Неожиданно до нее дошло, что она, как будто стараясь спрятаться, стоит крепко обхватив себя руками, и резким, деревянным движением опустила руки по швам, так что теперь уже напоминала заводную куклу, которая однако почему-то не действует.
— По-моему, их дом называется «Бичеров дом» или что-то в этом роде.
— Ах, Бичеров. Нет, это не в эту сторону. Это — по следующей дороге. Вон там, подальше.
Она подняла руку, и рука у нее, наверное, со страху, совсем не гнулась, когда она показывала вдоль склона на запад.
— Вот глупость. А я-то думал, что лучше знаю эти края. — Он пристально разглядывал свиные хлевы, сараюшки, загоны, все это невероятное запустение, где под лучами вечернего безмятежного солнца грелись свиньи и подсыхал навоз. — Но здесь вроде кое-что изменилось.
Ее рука упала, как подрубленная. Теперь настал ее черед онеметь — на несколько секунд воцарилось неловкое молчание, потом он произнес:
— Я приходил сюда мальчишкой. За земляникой. — Он провел по воздуху рукой. — Тут было много цветов. Просто тучи — повсюду.
Он запнулся, опять пристально посмотрел на ее не вяжущийся с окружением вид, на абрикосовое платье на безобразном фоне свиней и высоко вздымавшихся, усыпанных белыми цветами ветвей дикой вишни — словно все не веря своим глазам; потом спросил:
— А сами вы тут живете?
— Да.
Искоса, с холодной неприязнью поглядел он на дом под шиферной крышей, где половину шифера заменили ржавым рифленым железом; у одного из его углов, словно для подпорки, были сложены штабелем мешки с кормом для свиней и валялась груда старых железных канистр для горючего.
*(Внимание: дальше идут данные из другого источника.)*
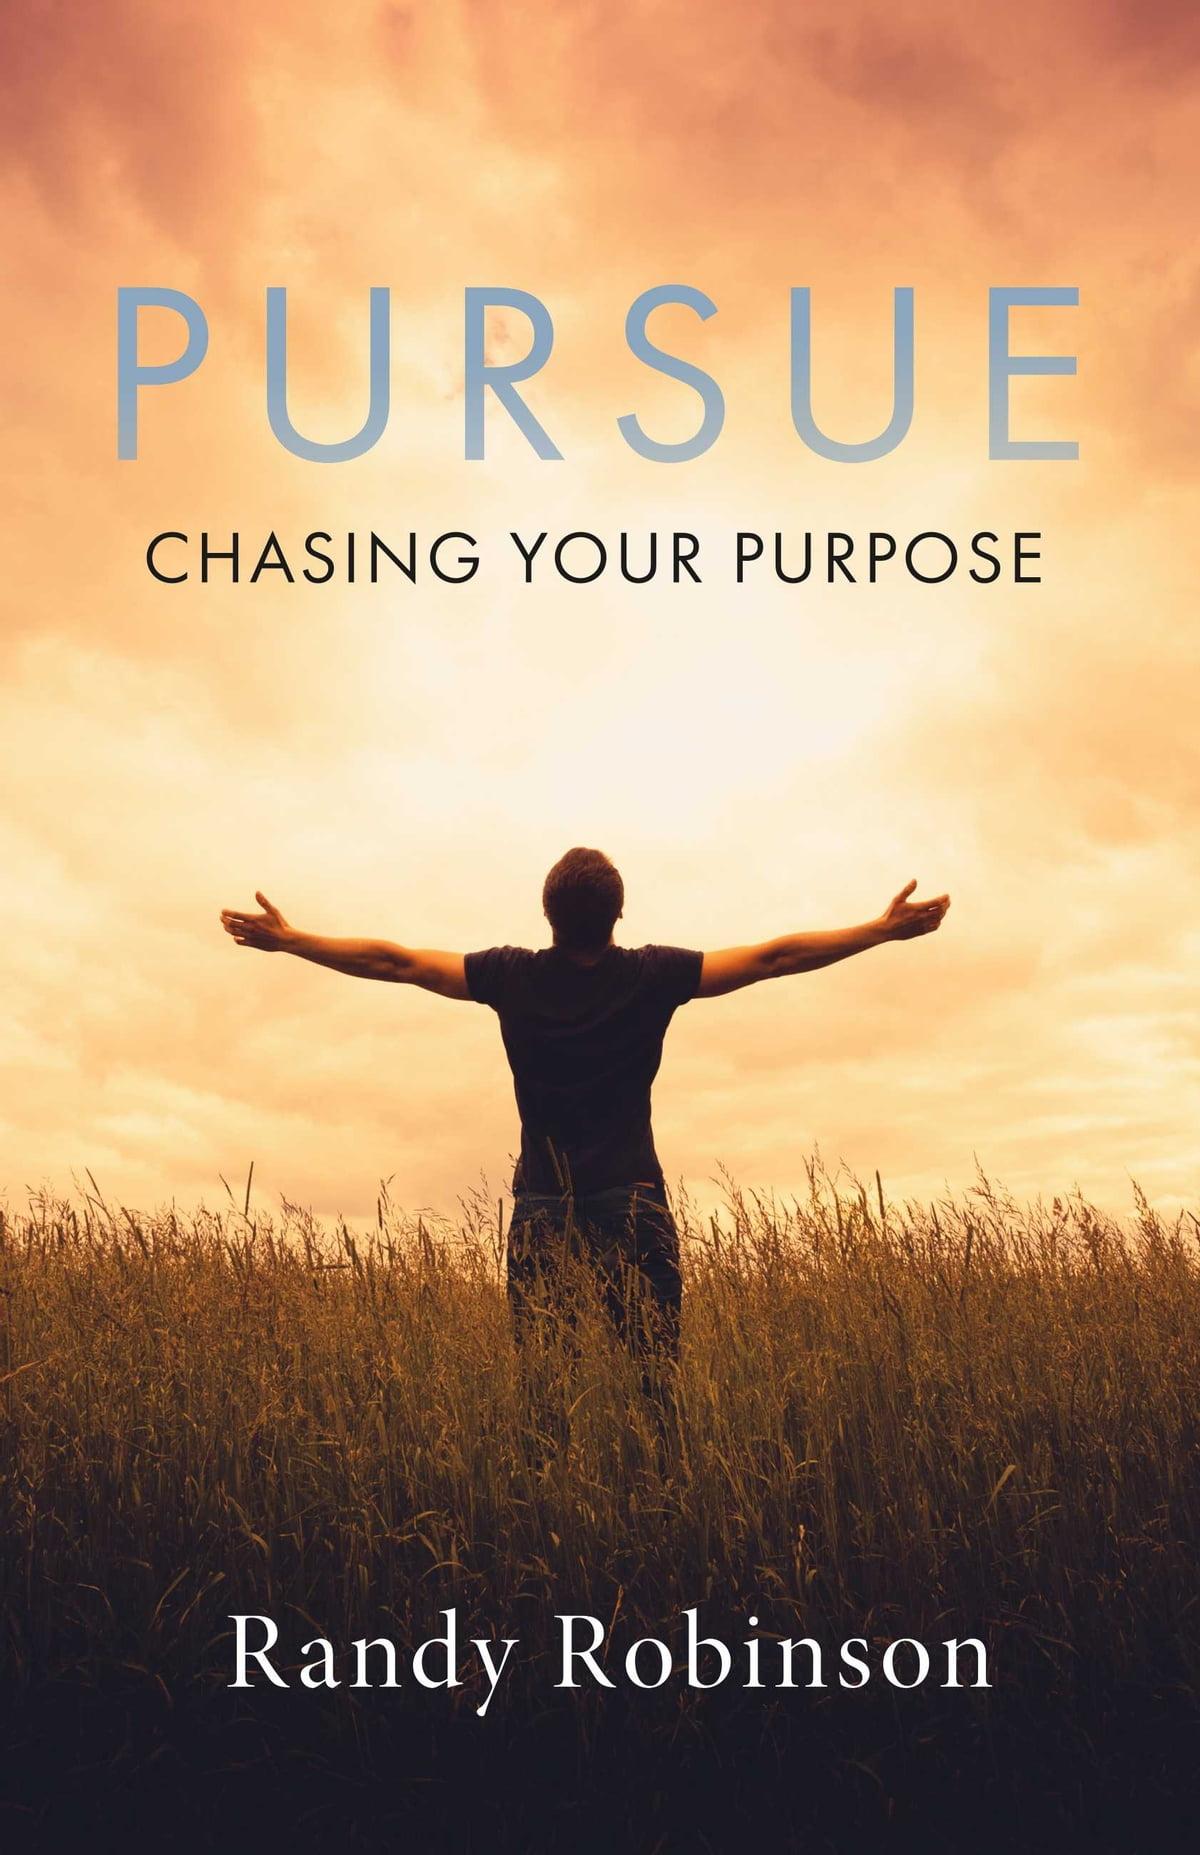 Pursue eBook by Randy Robinson - 9781543902938 | Rakuten Kobo

— Но уж не здесь, и спрашивать нечего.
Инстинктивно, безудержно она стала лгать. В подавленности и смятении, которое она испытывала, не тело, но душу ее охватила дрожь.
— О нет! — сказала она. — О нет!
— Страшно рад это слышать. Как-то не мог представить вас в мире свиней.
К своему удивлению она обнаружила, что залилась нервным смехом, который был отголоском ее охваченной дрожью души.
— О нет! Я живу выше. По ту сторону. Отсюда не видно.
Ее нервозность теперь явно выдавала напряжение, она даже начала стягивать перчатки. Сначала одну, потом вторую. Он не мог не заметить узких холеных рук.